I replied, “Indeed, by Allah… the ‘amulet’ is also filled with the remembrance of my Lord and verses from the Wise Reminder. I will not repeat the well-known proverb among their elders: ‘Recite Yasin with a stone in your hand.’ Instead, I say that it was the path I took, raised under its banner, just as the Qur’ans were lifted on the tips of spears during the Battle of Saffin. The hooves of its horses trampled my flowers, my green dreams, and my pure breaths. The feet of its followers passed over my weary body and bleeding soul on the day we went out on May 25, 2017, demanding that the authorities and war governments provide salaries for one and a half million employees and retirees, who found themselves stranded, their means of a dignified living cut off.
And today, their march devours me with an insatiable hunger, a gluttony that knows no bounds. It tears morsels from my mouth, seeking to consume my tongue and throat, along with what remains of my salary and the sustenance for those I care for.
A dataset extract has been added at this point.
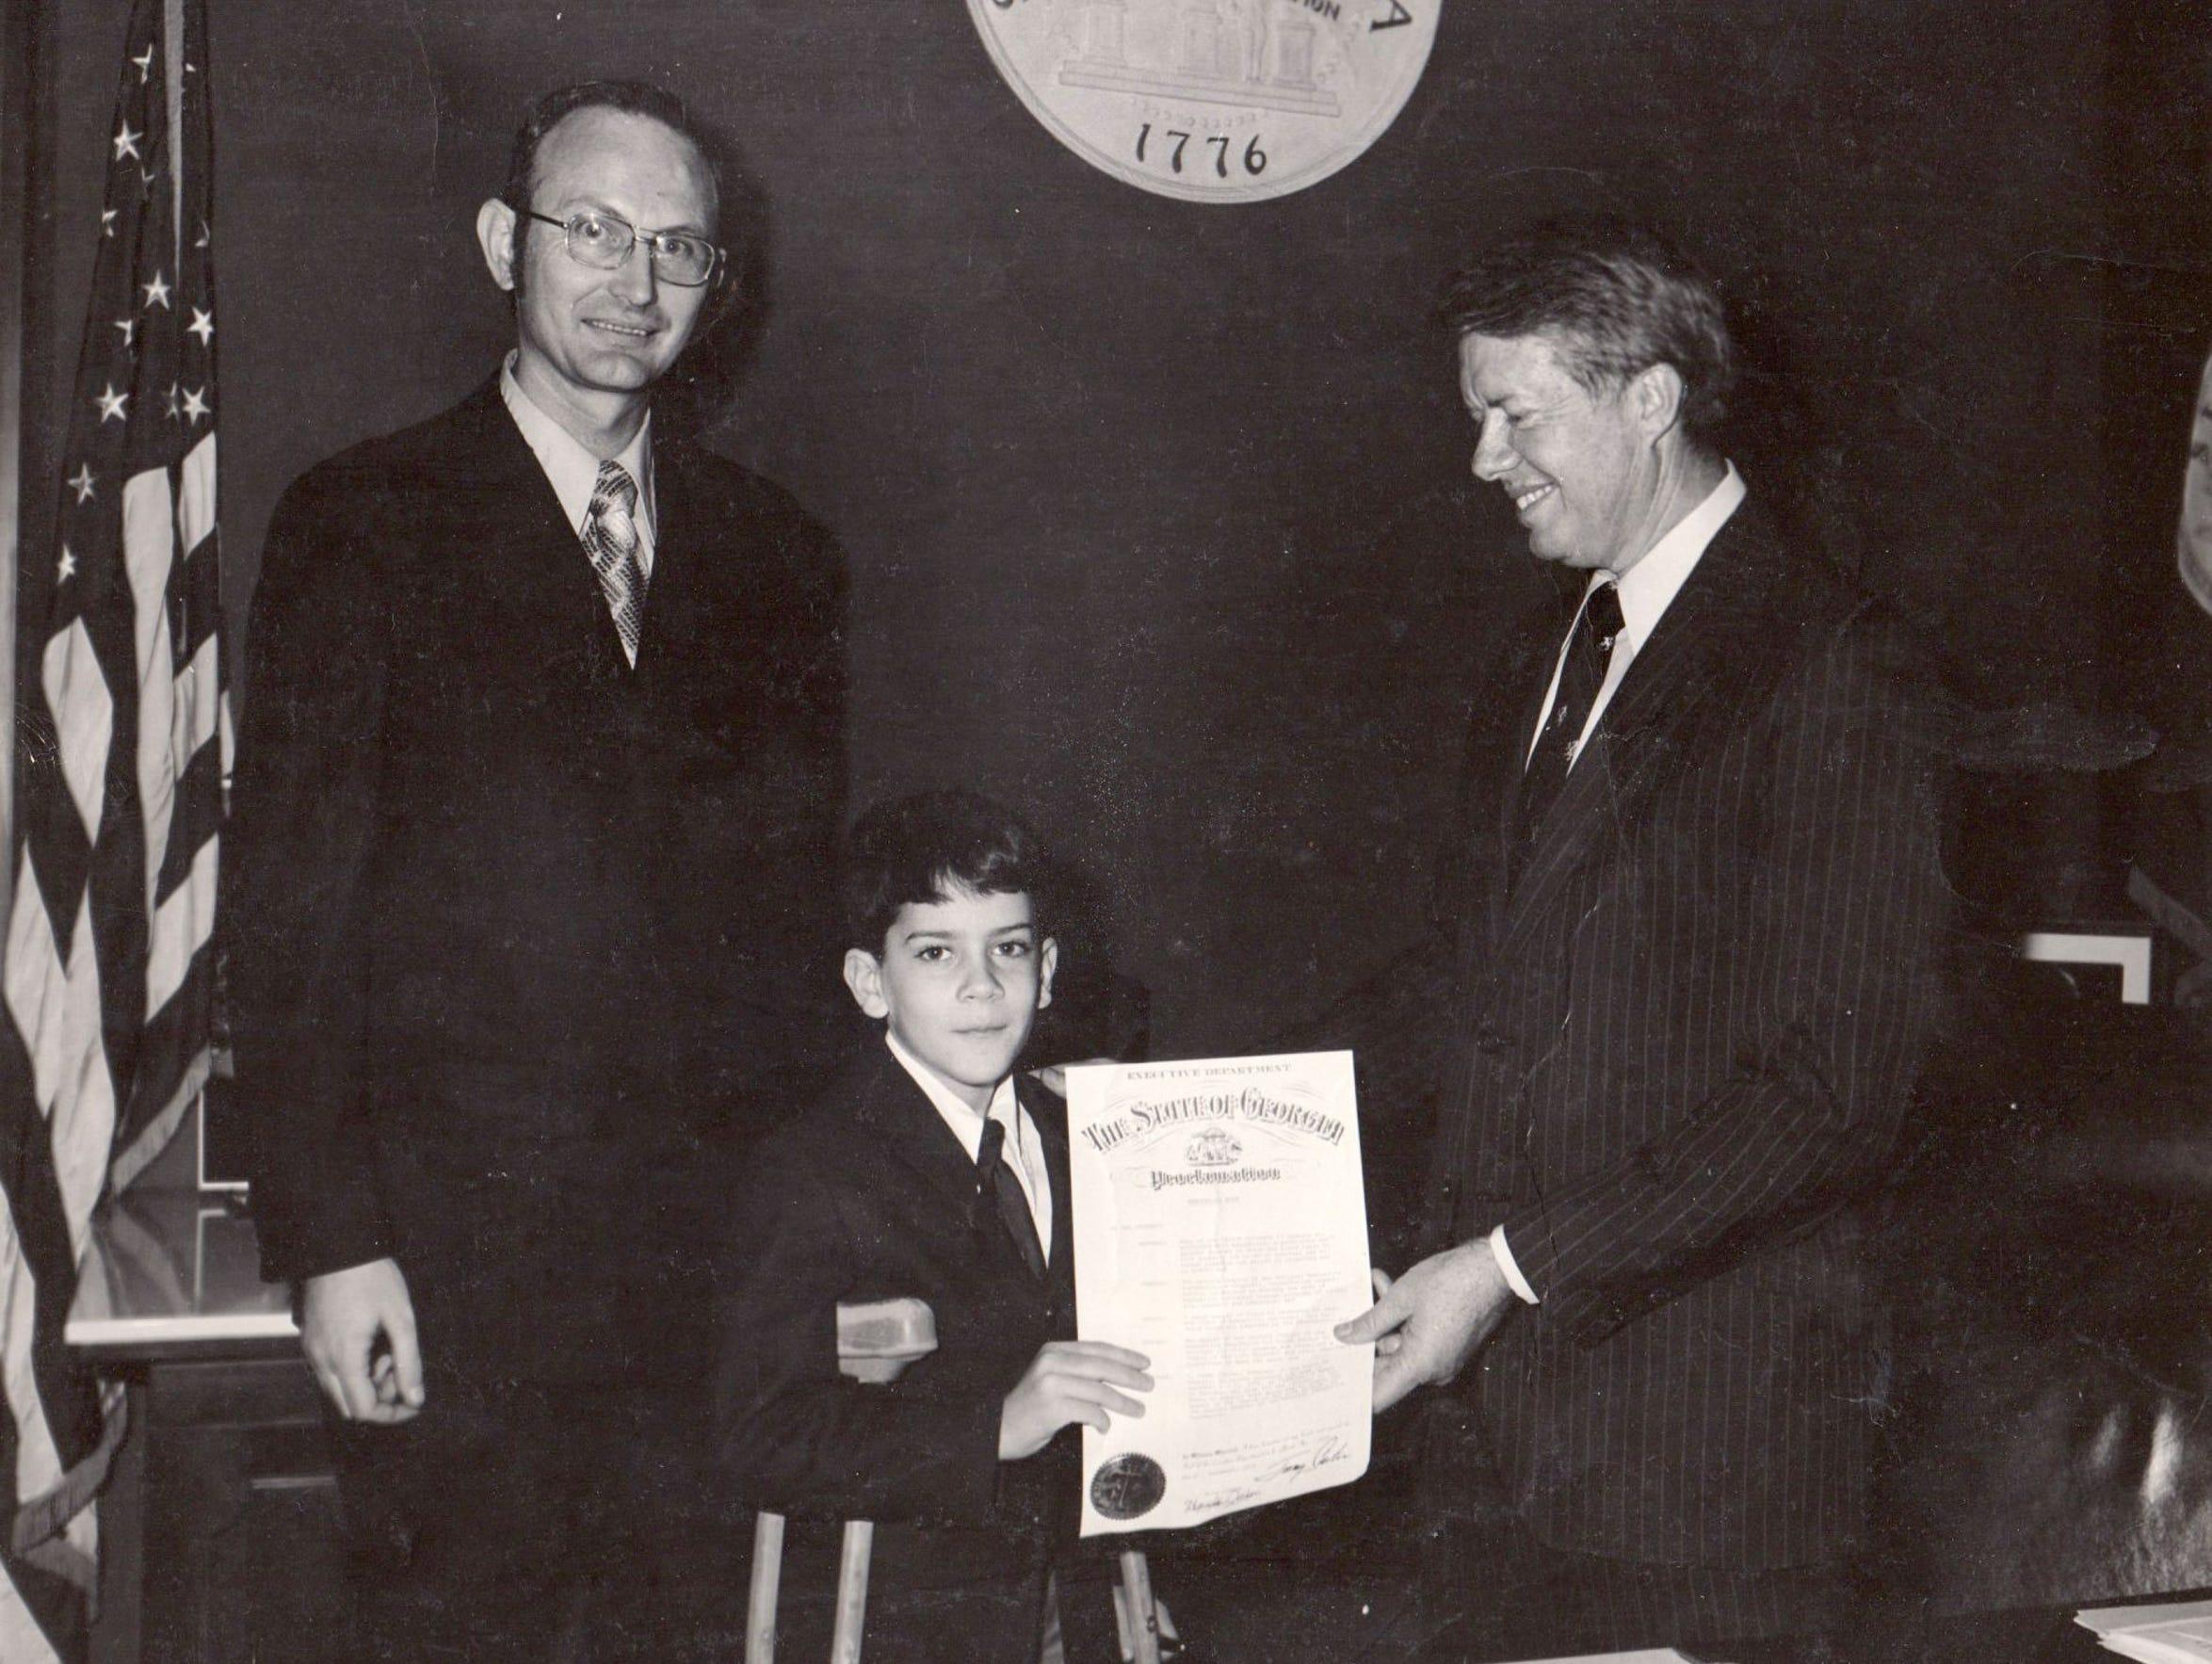 In October 1971, Jim Reed, age 8, met then-Georgia

They live a bitter struggle in the battle for survival, clinging desperately to a life we hold onto with great effort, as we grapple with danger and wrestle with death by hunger in an era marked by departure—an age where death prevails, and graves flourish.
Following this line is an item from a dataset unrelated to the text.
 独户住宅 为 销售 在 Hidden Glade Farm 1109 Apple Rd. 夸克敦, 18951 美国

Today, their march has sunk its long, curved claws like eagle talons into my starving belly, which is fading away. It insists on feasting upon my hunger and the few days that remain to me. I am hungry and crushed like this afflicted people, battered by war, hunger, and death.
I conclude this discourse with a few Baradoni verses!
O thief of morsels from the mouths of the city’s children,
O plunderer of the slumber from the eyelids of imprisoned Sana’a,
Who will stop your hands from squeezing the deep wounds?
Who will respond if these hidden laments call out?